Problem requirements:
Omit all pictures. Copy exactly the lines from the line containing "Barbecue cadeau hoodie" to the end of the listing, with both ends included.

Provided data:

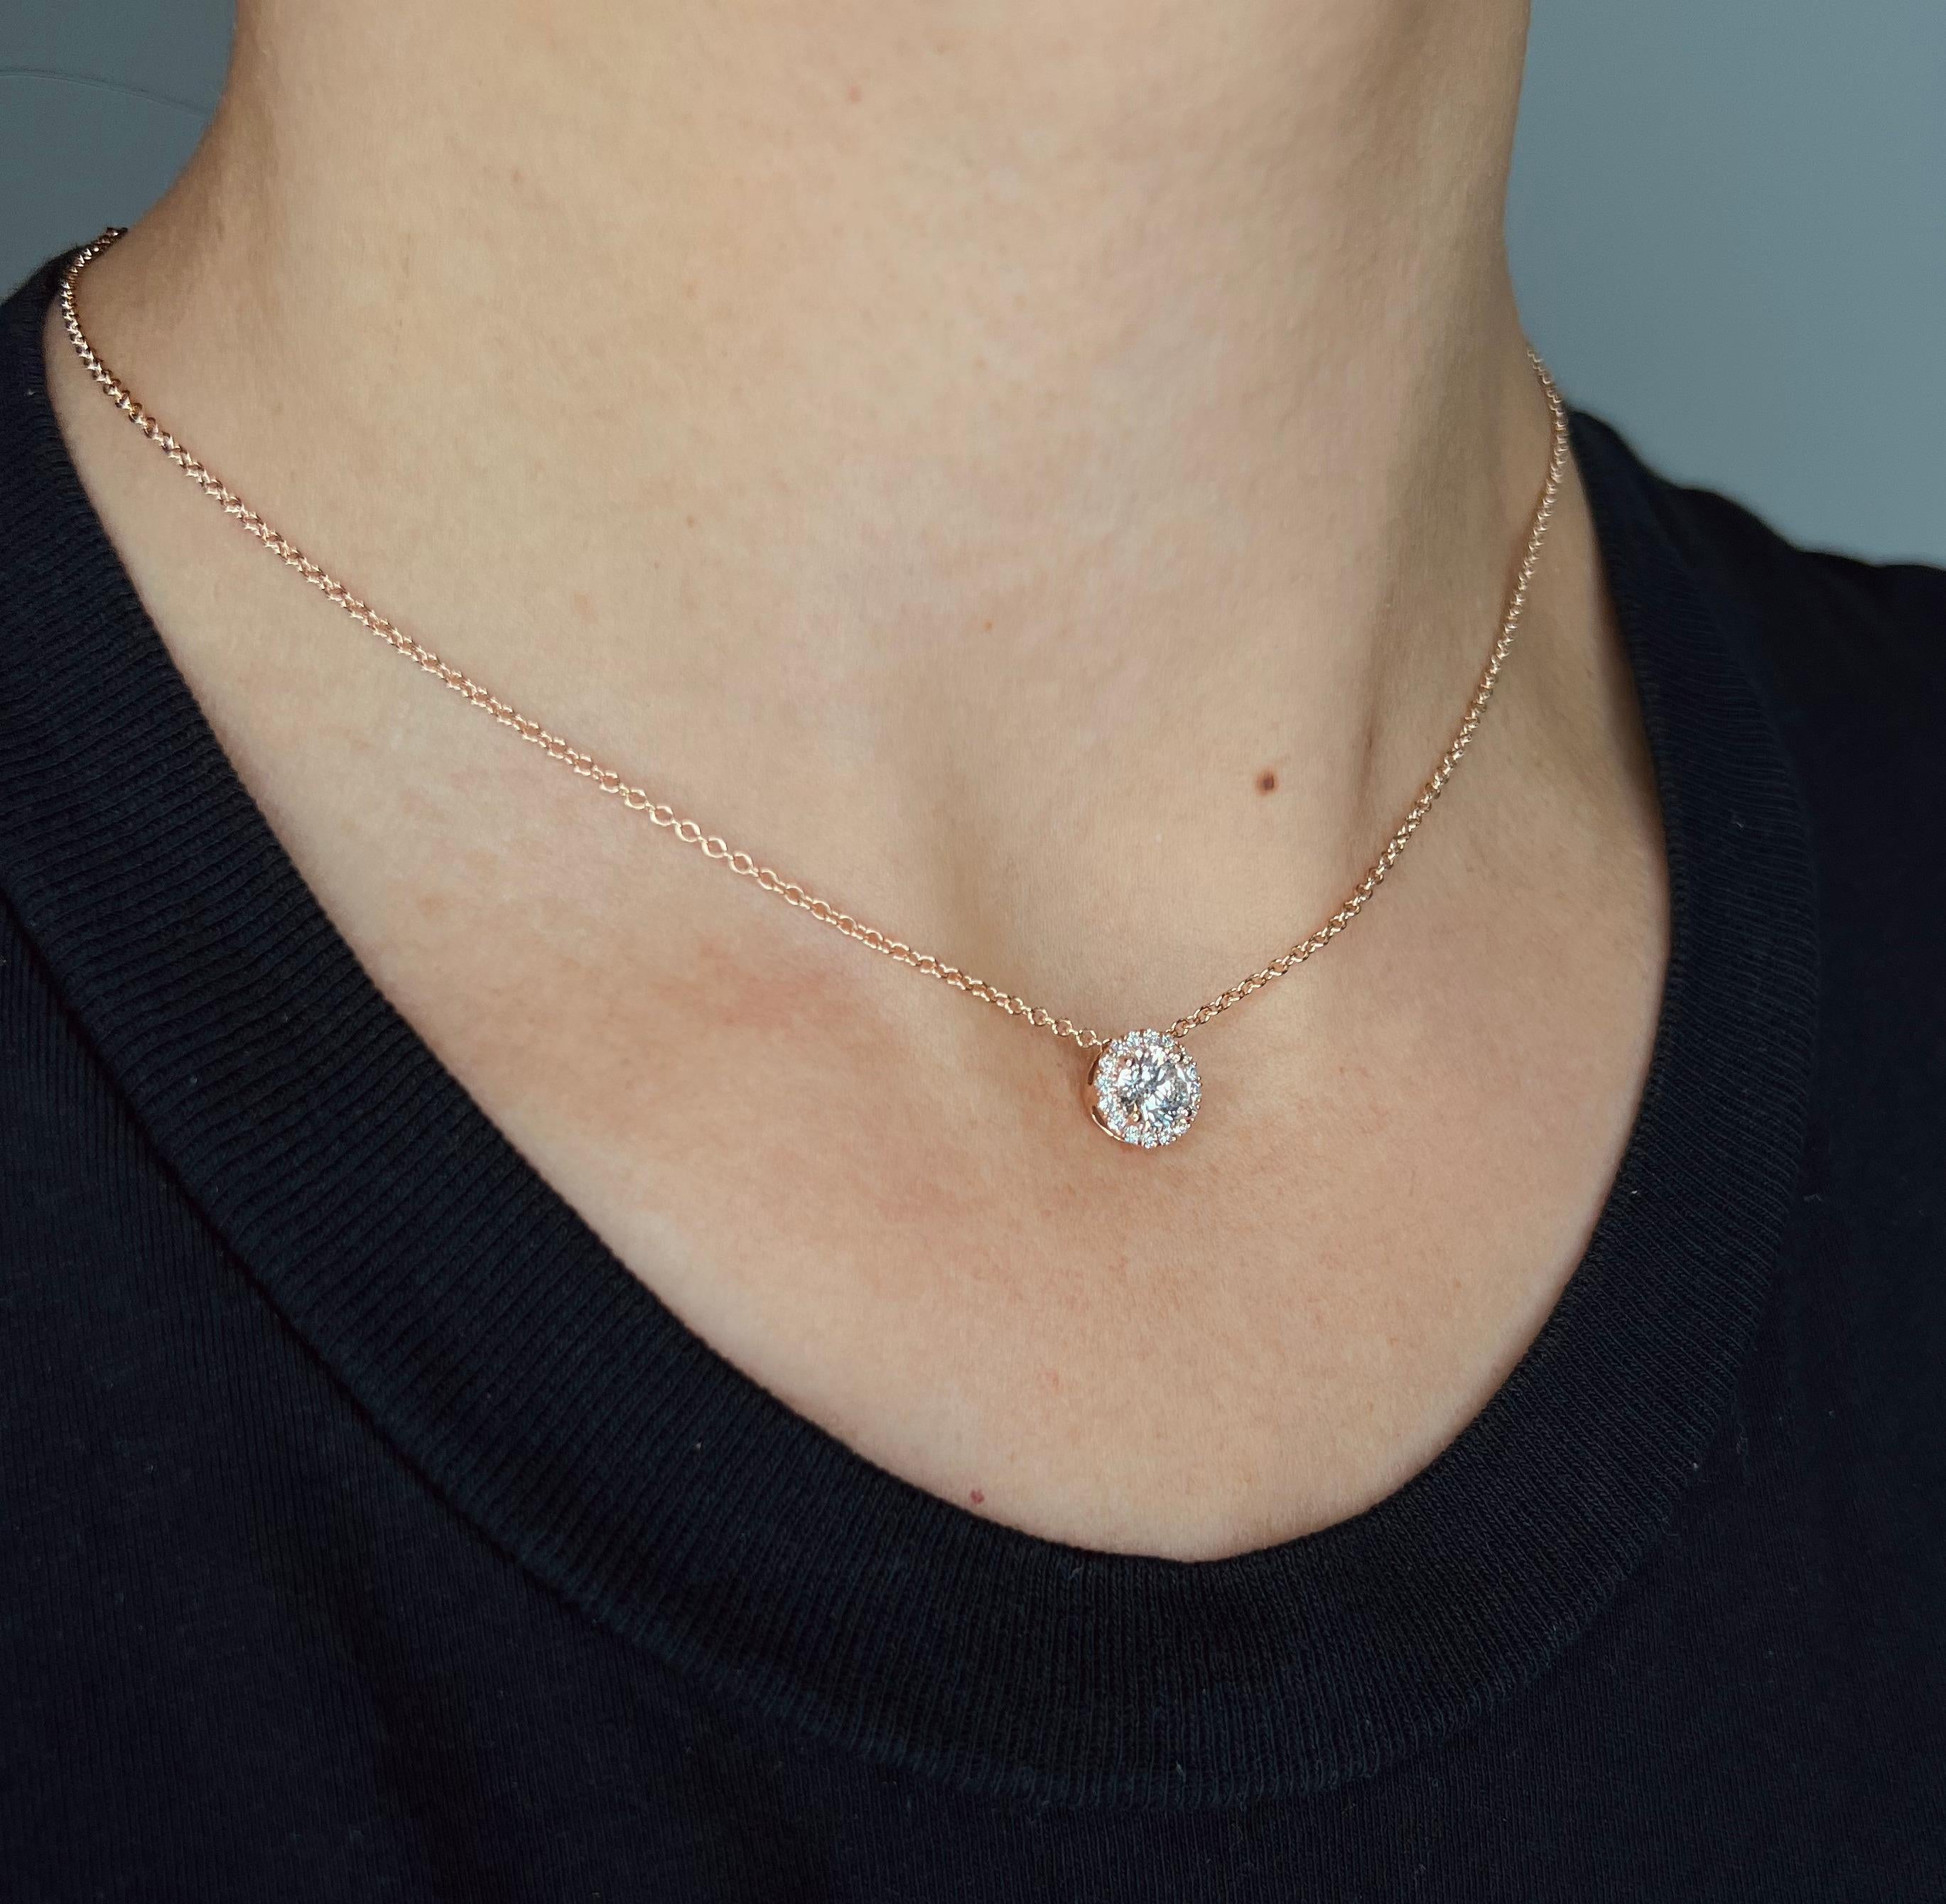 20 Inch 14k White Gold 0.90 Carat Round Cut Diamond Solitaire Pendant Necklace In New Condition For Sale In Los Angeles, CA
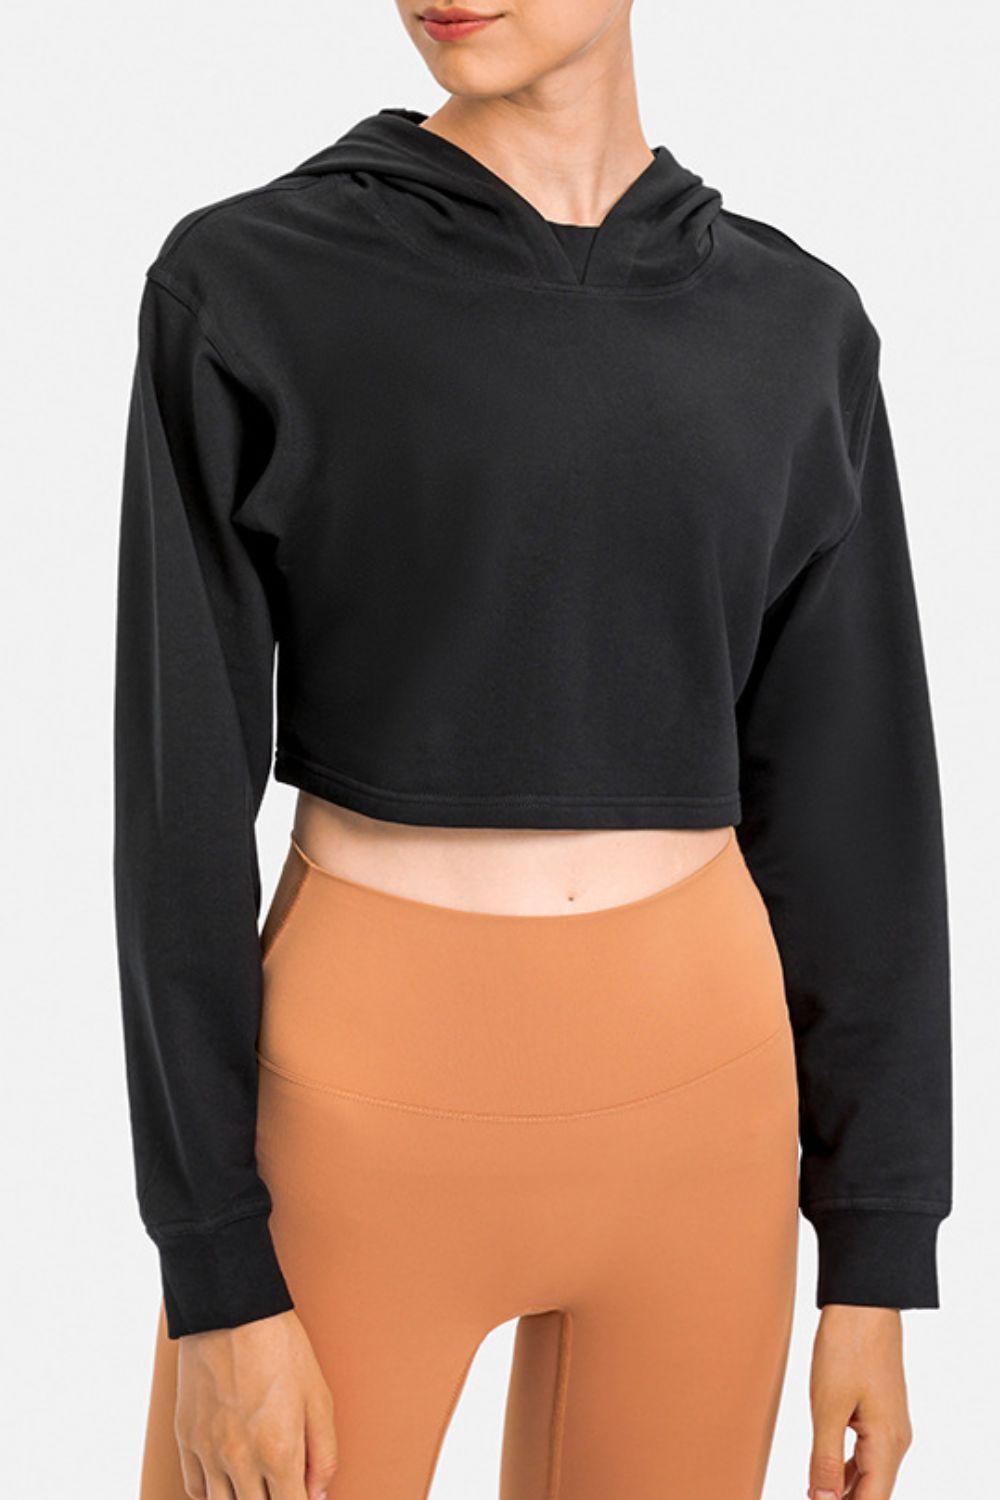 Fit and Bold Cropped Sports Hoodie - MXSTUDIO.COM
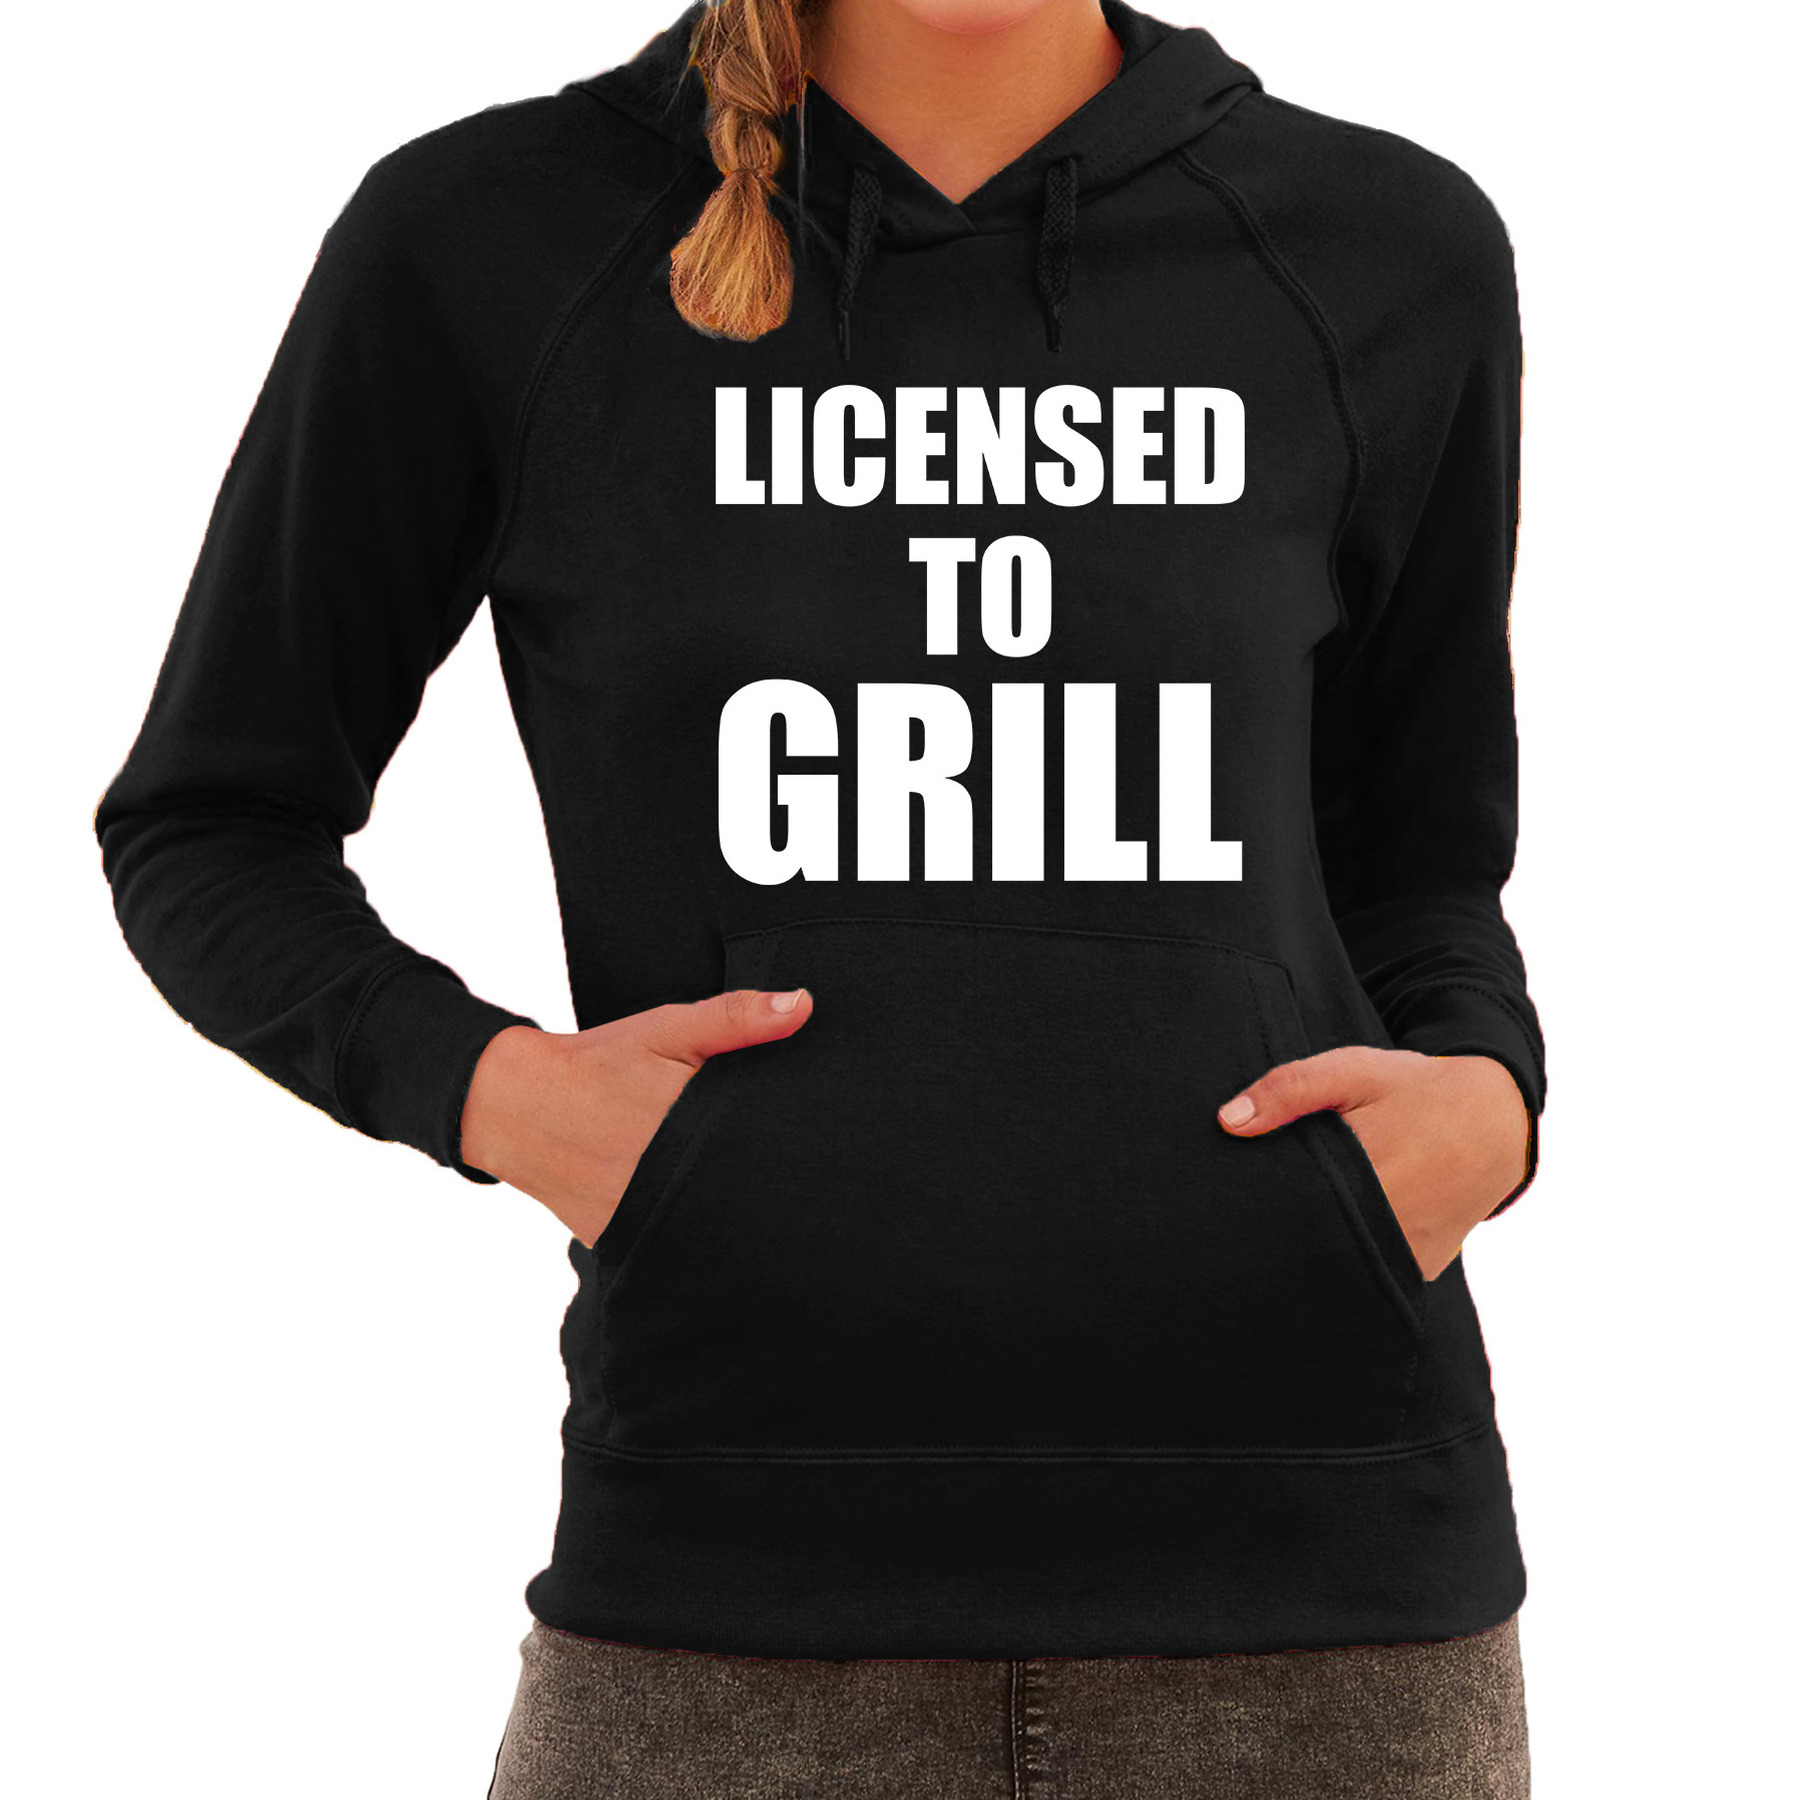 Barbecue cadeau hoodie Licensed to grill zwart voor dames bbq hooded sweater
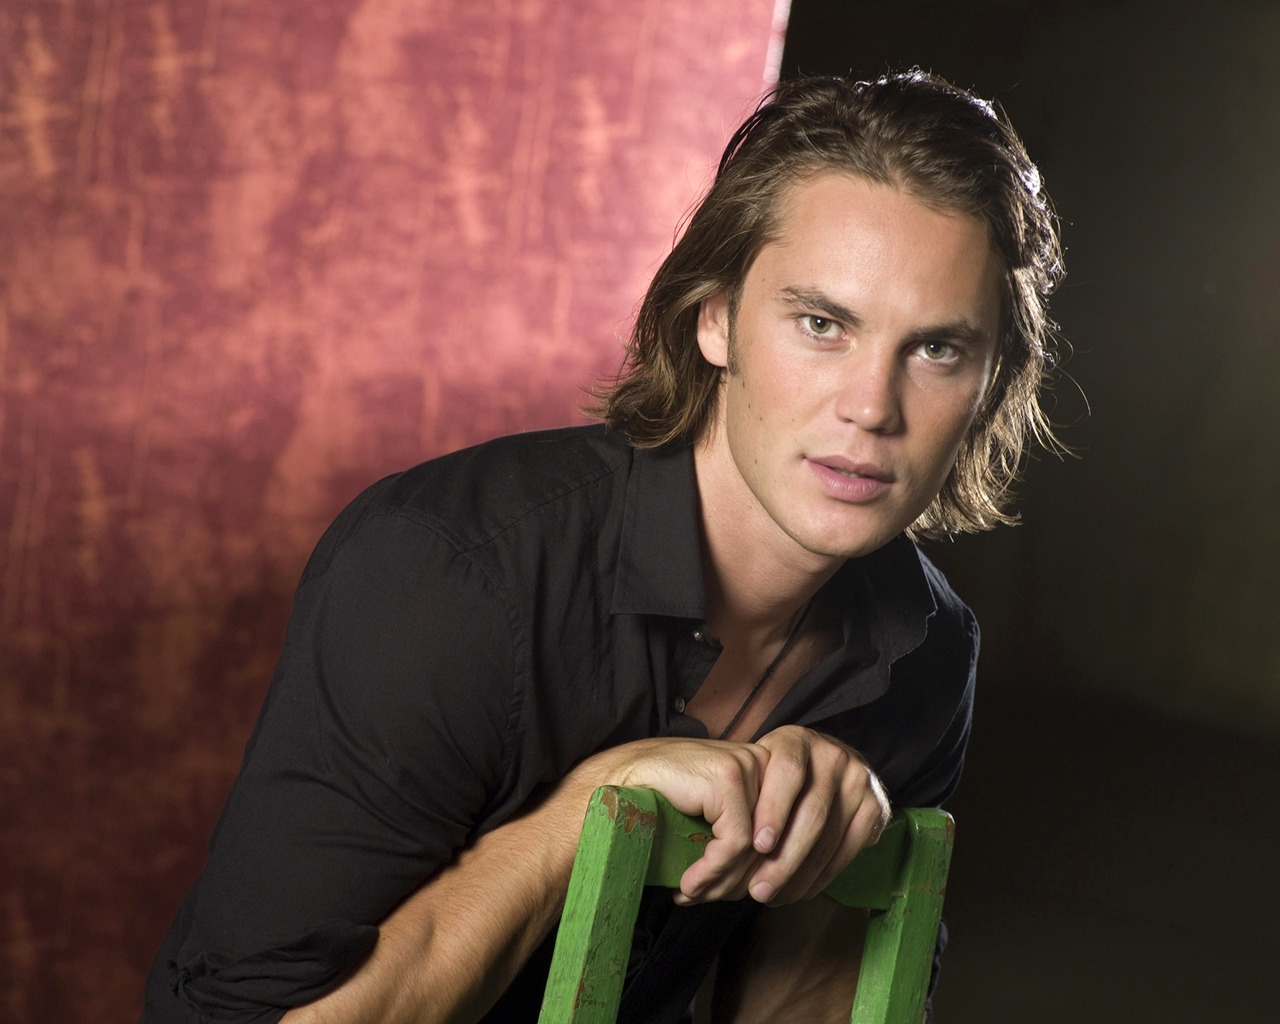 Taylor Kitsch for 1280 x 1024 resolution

Solved exercise:
 Barbecue cadeau hoodie Licensed to grill zwart voor dames bbq hooded sweater
 Taylor Kitsch for 1280 x 1024 resolution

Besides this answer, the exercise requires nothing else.